By 1994, the 4GB virtual address space of 32-bit UNIX is a cage. Database servers (Oracle 7, Informix OnLine) want to map 64GB of shared memory for buffer pools. The Alpha AXP (OSF/1), UltraSPARC (Solaris 2.4 preview), and MIPS R8000 (IRIX 6) all offer full 64-bit kernels.
The optimal policy in 1994 is : bind a high-bandwidth device (e.g., FDDI or UltraSCSI controller) to a dedicated CPU. That CPU runs the interrupt handler, the device driver's bottom half, and the user process that consumes the data. This "pipeline" design, seen in Sequent's DYNIX/ptx, can achieve 85% linear scaling for network I/O.

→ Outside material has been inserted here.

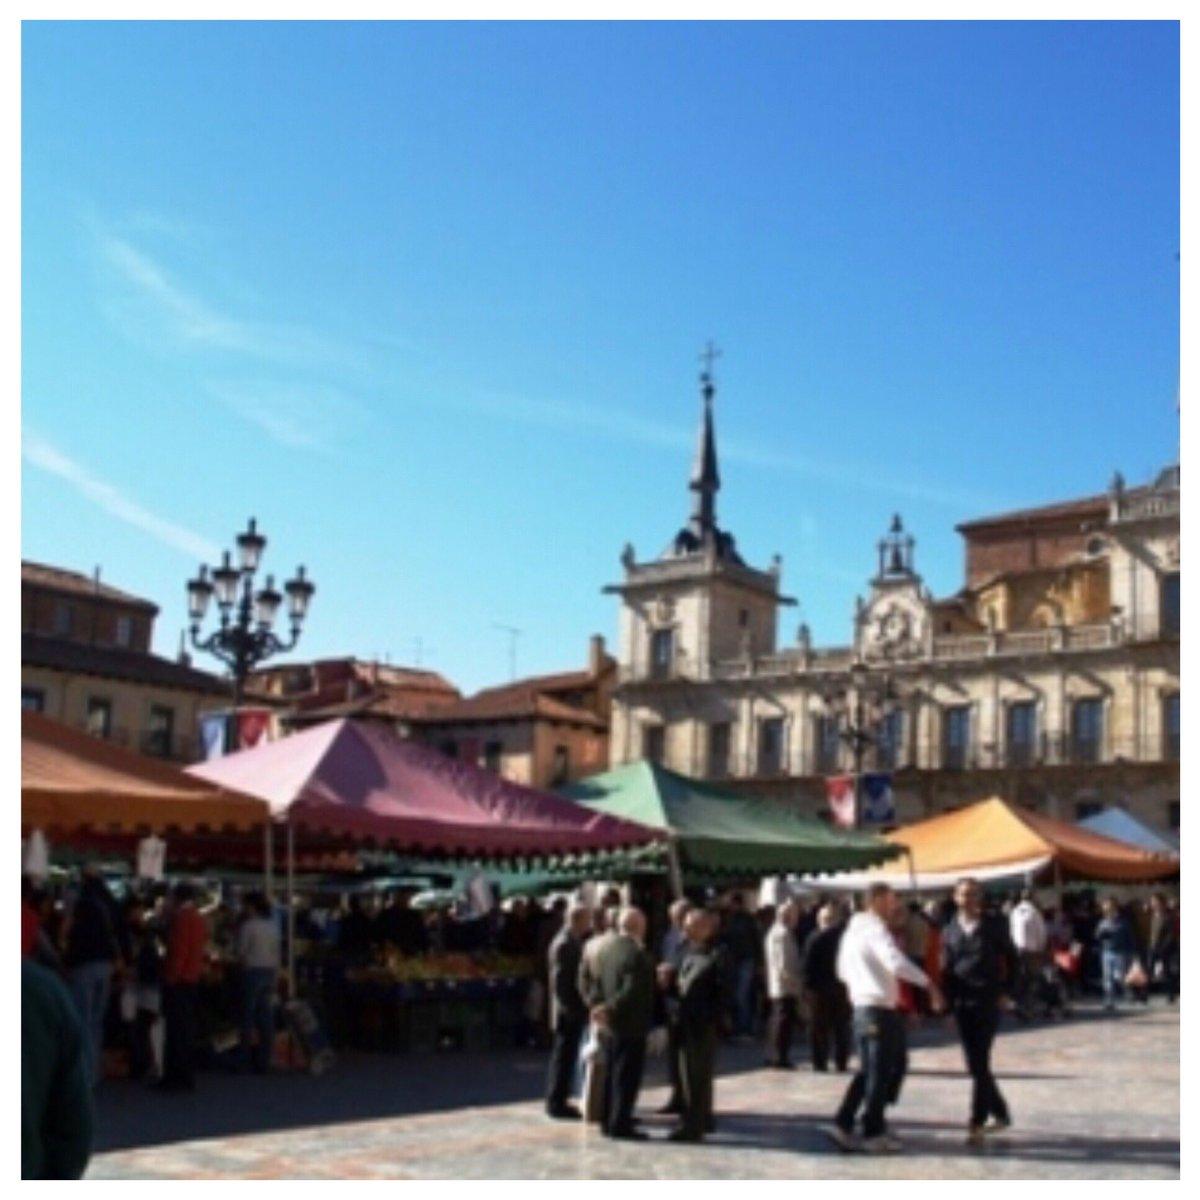 Hoy #mercadillo 🧶🥒🍊🍏🧦🥾👖 #LeonEsp en la Plaza Mayor #tradicion con #encanto Si acudes a comprar 👀 con los #AmigosDeLoAjeno y si tienes/observas alguna incidencia nuestros 👮🏻♀️👮🏻♂️están por la zona,  cerca de ti   📞 092 / 112  #PoliciaLocalCercaDeTi

Senior Systems Analyst, UNIX Research Group Date: April 17, 1994 unix systems for modern architectures -1994- pdf
UNIX in 1994 is like a 1960s muscle car with a new fuel-injected engine: powerful but dangerously unstable. The transition to fine-grained locking, 64-bit cleanliness, and interrupt affinity is painful. Many vendors will fail (NeXT, Apollo, perhaps even SVR4 itself). The survivors will be those who treat the kernel not as a monolithic program but as a concurrent data structure problem.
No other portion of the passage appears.